A hernia is a defect in the abdominal wall allowing intra-abdominal contents to protrude outside the abdominal cavity. Most abdominal wall hernias occur at the groin and umbilicus. Incarceration is defined as the inability to reduce the protruding tissue to its normal position. Strangulation occurs when the blood supply of the hernia’s contents is obstructed and tissue necrosis ensues. An incisional hernia may manifest clinically as a mass or palpable defect adjacent to a surgical incision and can be reproduced by having the patient perform the Valsalva maneuver.
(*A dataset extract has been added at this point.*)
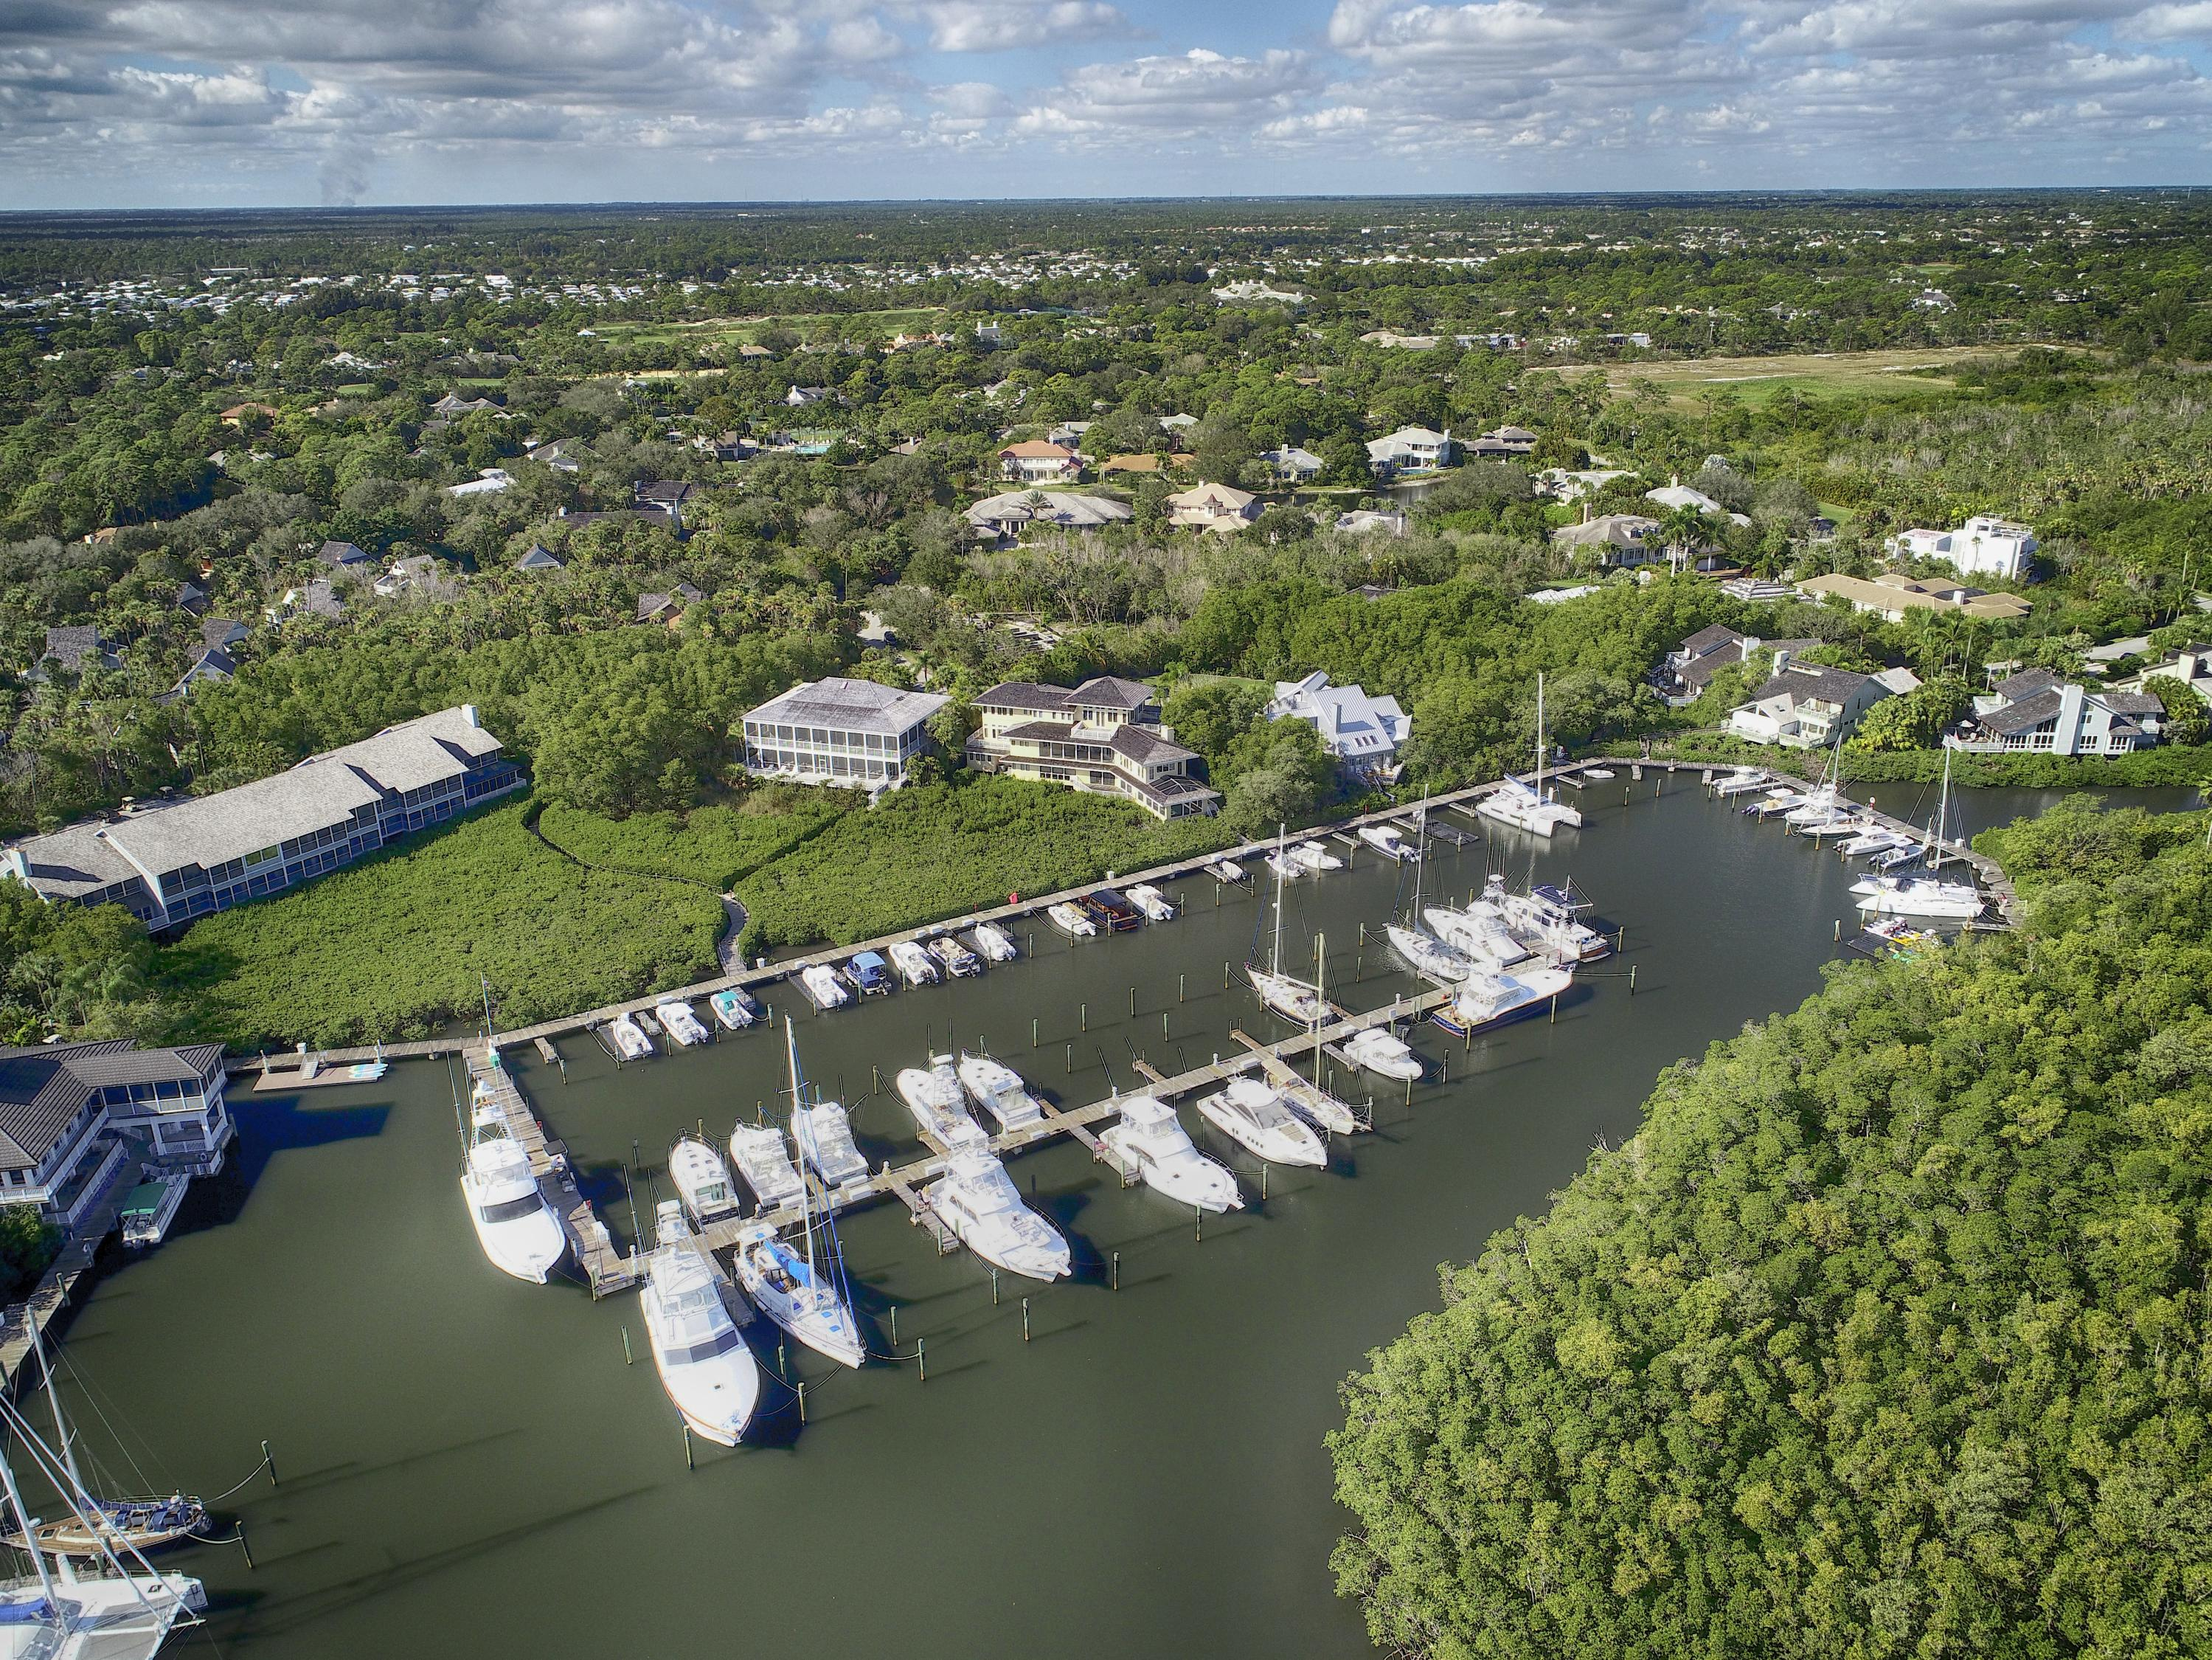 LOBLOLLY BAY HOBE SOUND FLORIDA

Peristomal hernias are a type of incisional hernia where the abdominal wall opening is too large, allowing intra-abdominal contents to accumulate outside the abdominal cavity. Obesity and wound infection, which interfere with wound healing, predispose to the formation of incisional hernias. The defect of an indirect inguinal hernia is the internal (abdominal) inguinal ring and may be manifest in either sex by a bulge over the midpoint of the inguinal ligament that increases in size with Valsalva maneuver. A fingertip placed into the external ring through the inguinal canal may palpate the defect. A direct hernia may be manifested by a bulge midway adjacent to the pubic tubercle and may be felt by the pad of the finger placed in the inguinal canal. The defect is in the posterior wall of the inguinal canal. Direct inguinal hernias are usually painless and occur in males. Femoral canal hernias are more common in women and are prone to both strangulation and incarceration.

FIGURE 7.51

Hernia Types. Drawings of the different hernia types using the landmarks of the inguinal ligament and pubic tubercle.

FIGURE 7.52A

Incisional Hernia. An asymptomatic incisional hernia in an obese male that developed after coronary artery bypass graft. The CT in Fig. 7.52B demonstrates a loop of bowel protruding through the abdominal wall defect. (Photo contributor: Lawrence B. Stack, MD.)

FIGURE 7.53

Indirect Inguinal Hernia. A left indirect inguinal hernia in a female patient. (Photo contributor: Lawrence B. Stack, MD.)

FIGURE 7.54

Direct Inguinal Hernia. A direct inguinal hernia. Note the bulge adjacent to the left pubic tubercle. (Photo contributor: Lawrence B. Stack, MD.)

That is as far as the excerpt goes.